━━ SUPPLIED MATERIAL ━━

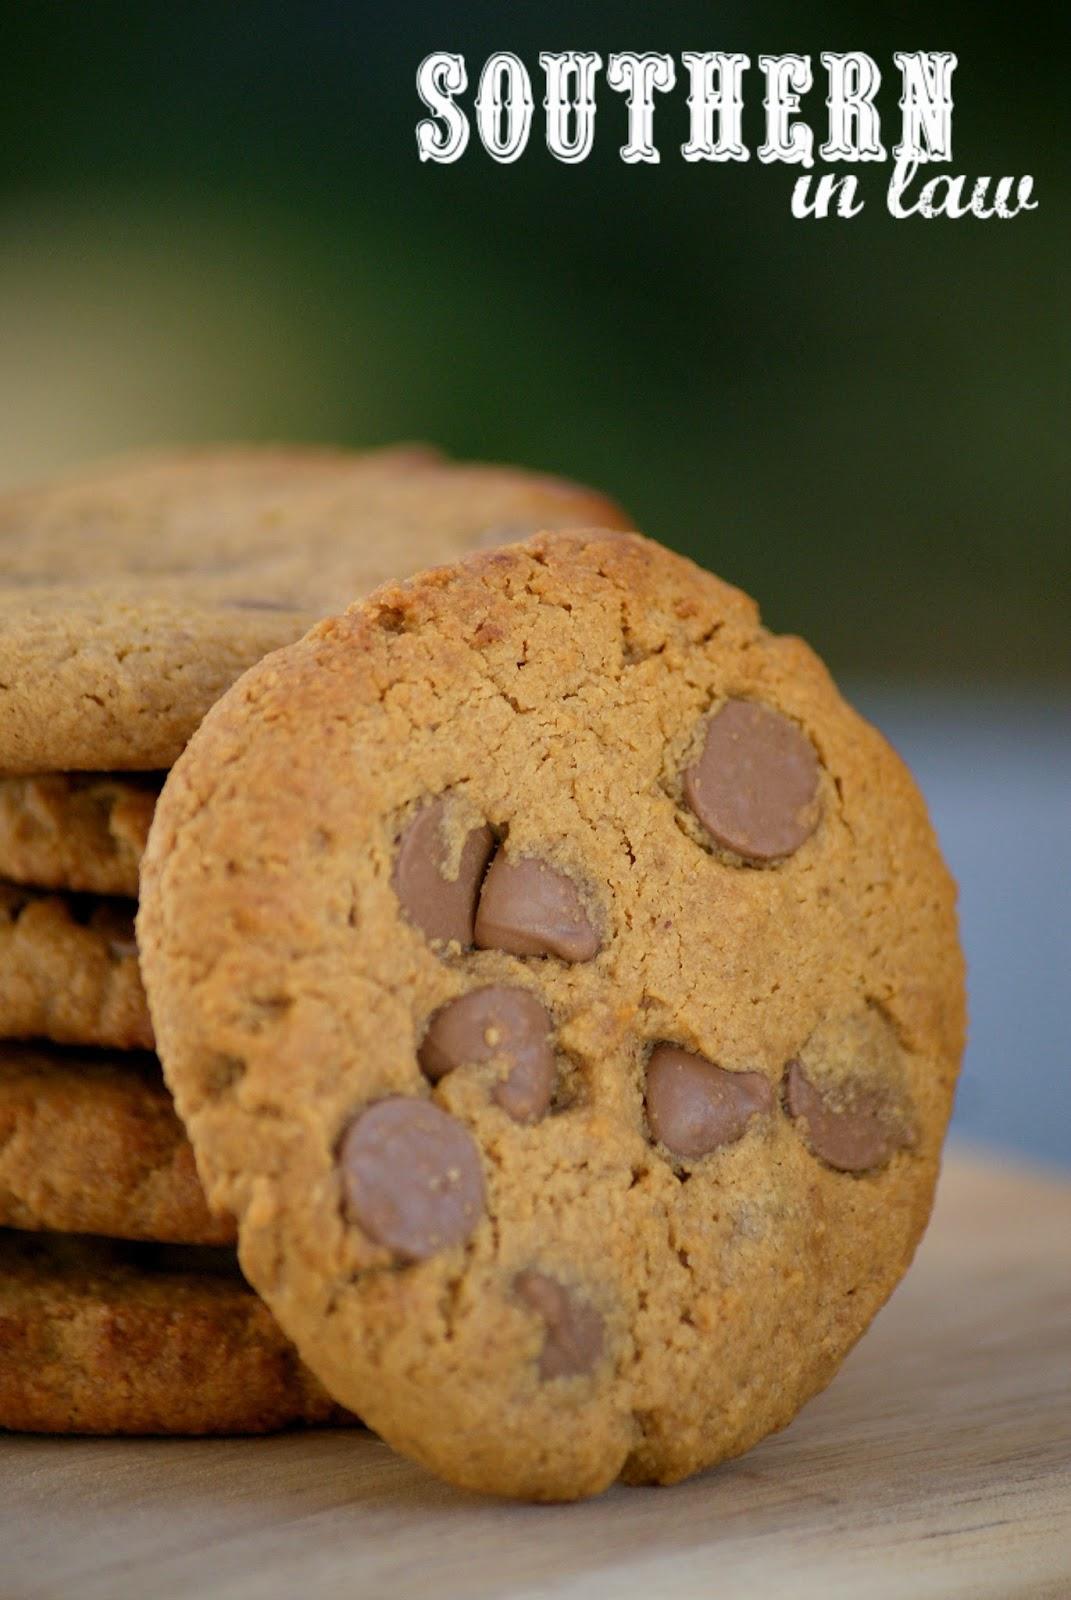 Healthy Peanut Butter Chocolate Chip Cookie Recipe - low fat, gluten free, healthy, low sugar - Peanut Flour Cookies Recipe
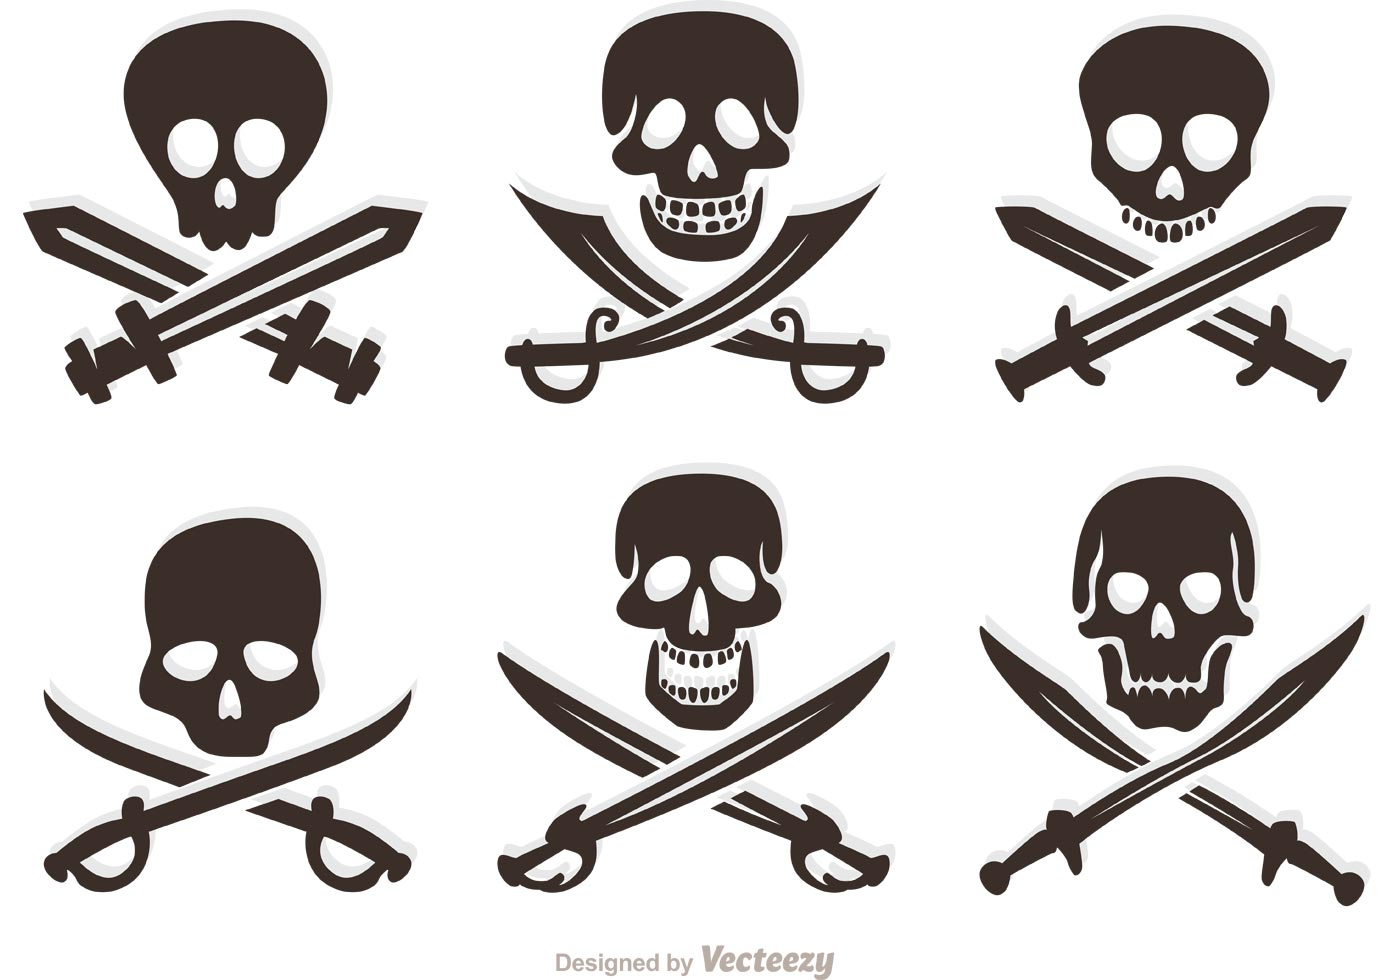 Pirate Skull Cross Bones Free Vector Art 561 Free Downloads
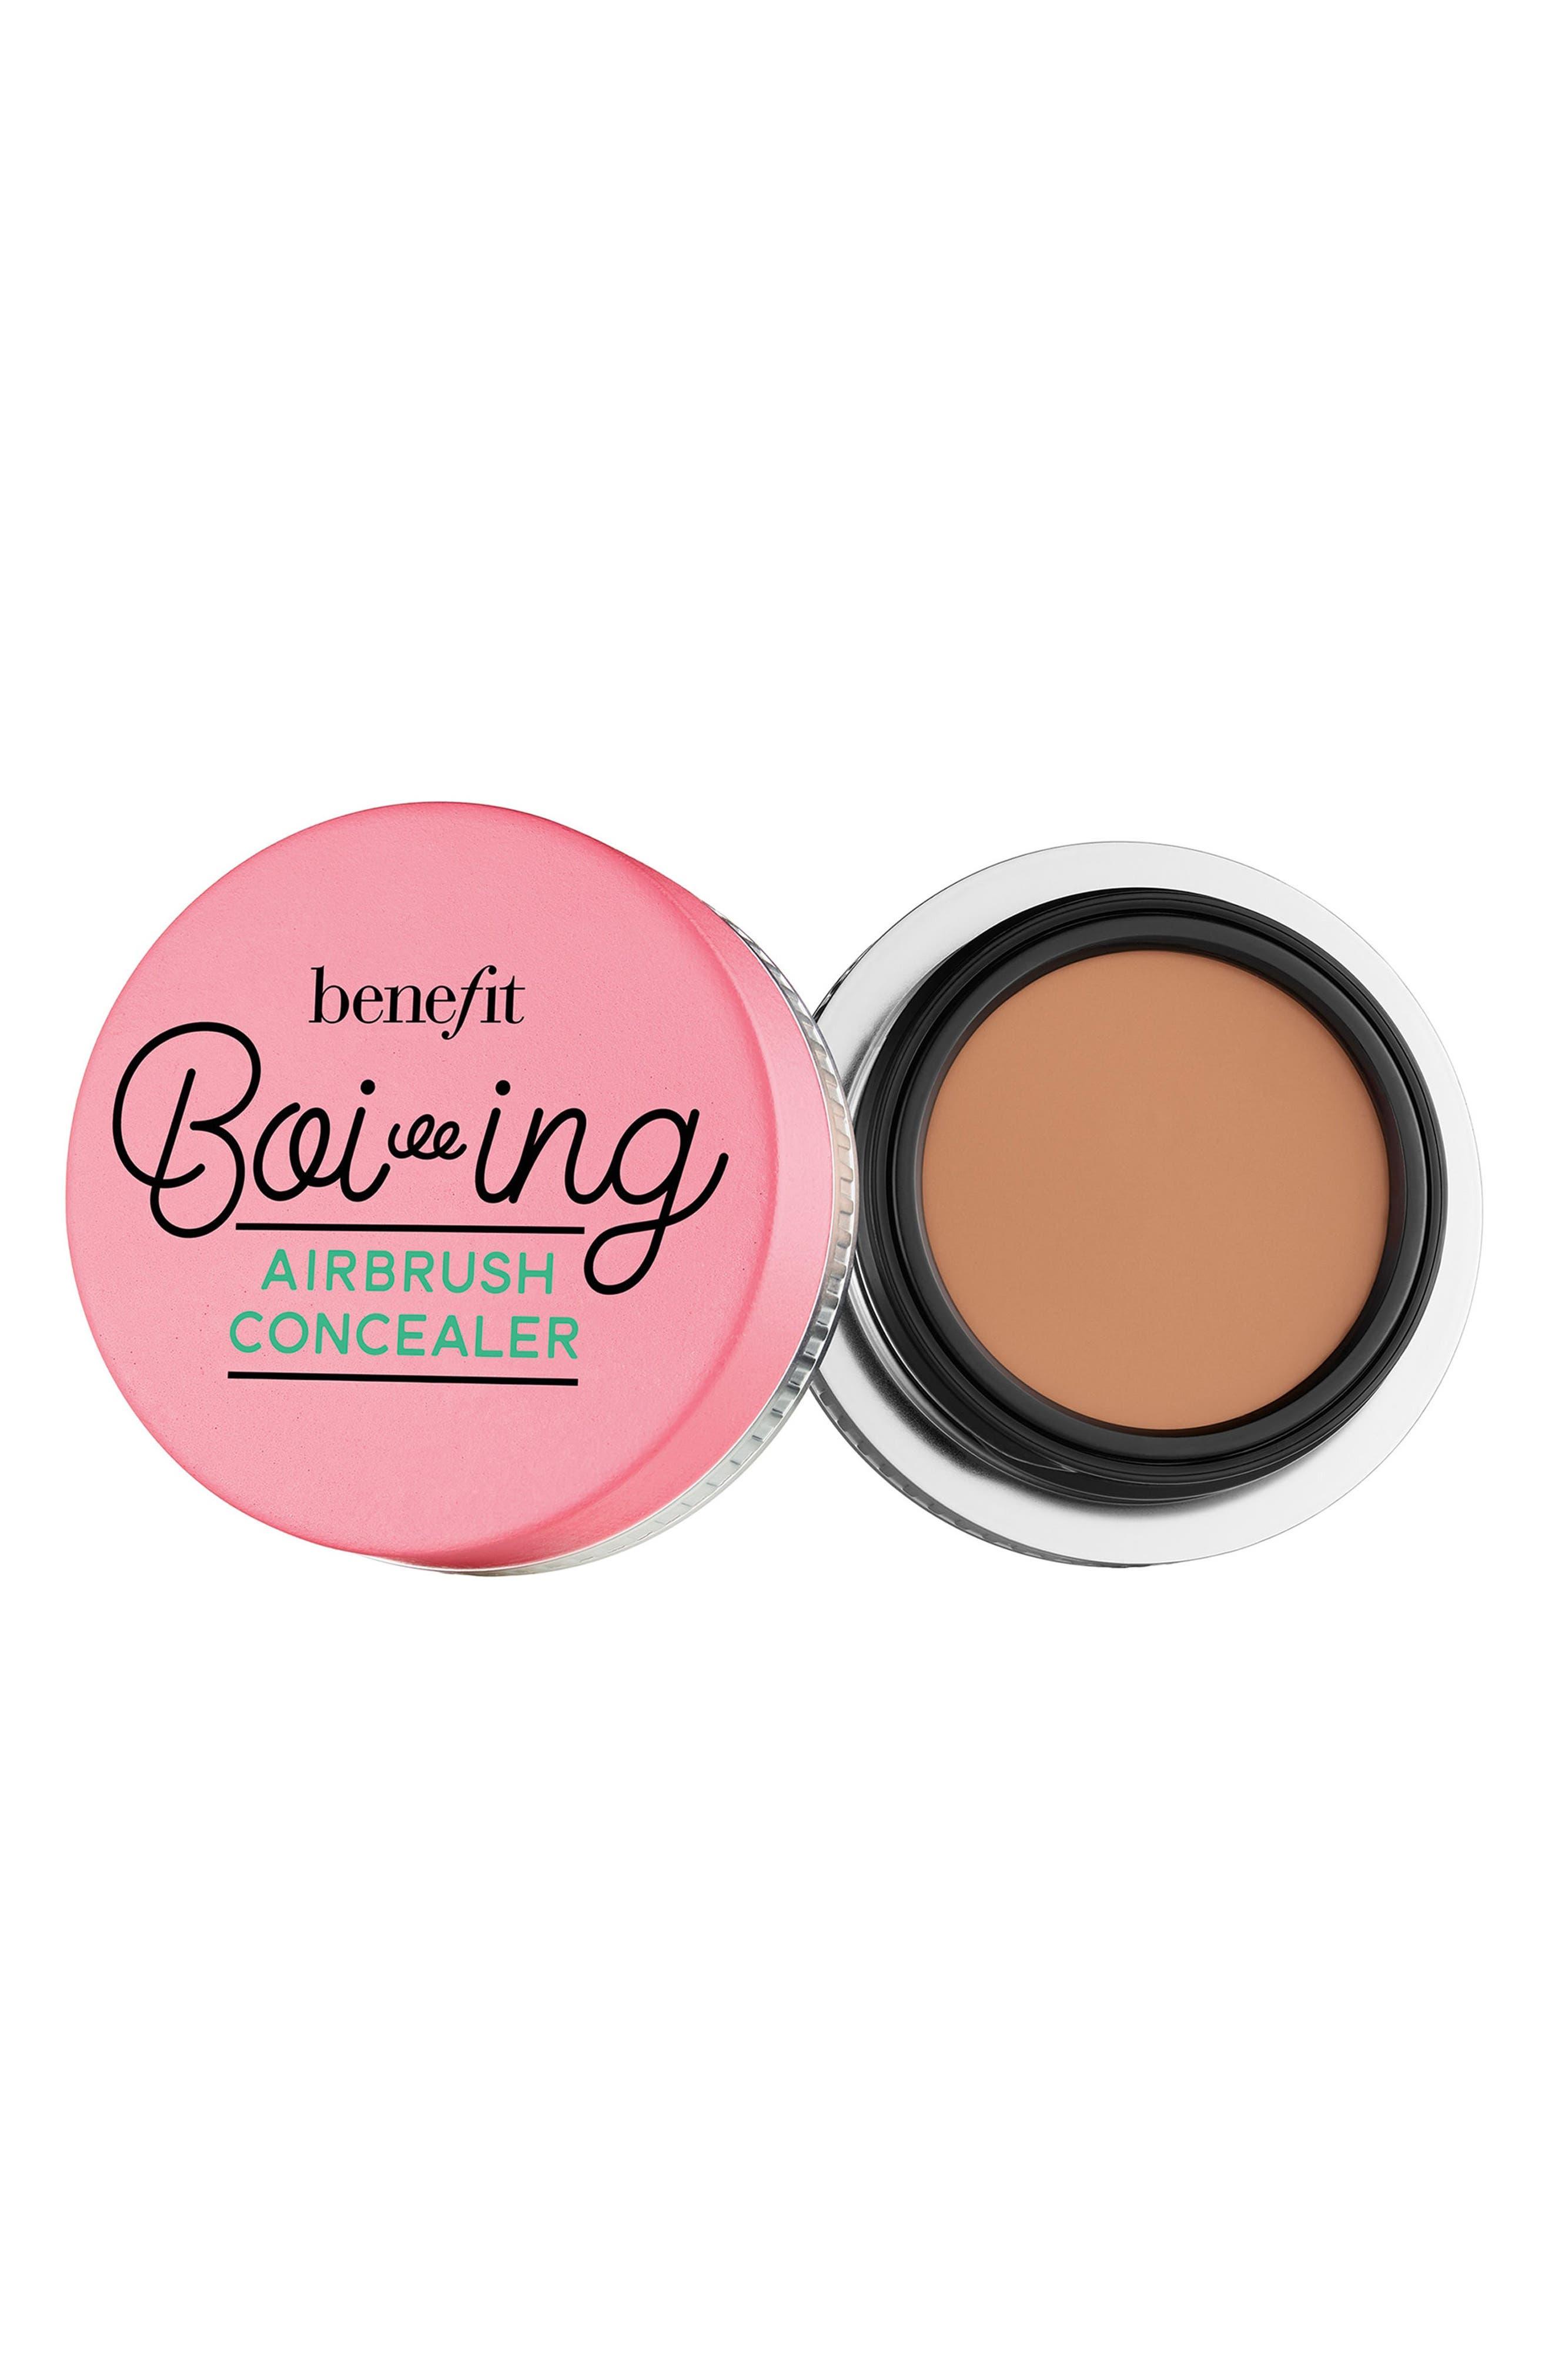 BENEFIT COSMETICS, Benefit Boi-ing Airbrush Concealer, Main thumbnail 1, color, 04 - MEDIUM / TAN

━━━

• [THE PROBLEM]: Apart from the pictures, every line of the material above is to be returned word for word.

• [EXERCISE OUTPUT]:
 Healthy Peanut Butter Chocolate Chip Cookie Recipe - low fat, gluten free, healthy, low sugar - Peanut Flour Cookies Recipe
 Pirate Skull Cross Bones Free Vector Art 561 Free Downloads
 BENEFIT COSMETICS, Benefit Boi-ing Airbrush Concealer, Main thumbnail 1, color, 04 - MEDIUM / TAN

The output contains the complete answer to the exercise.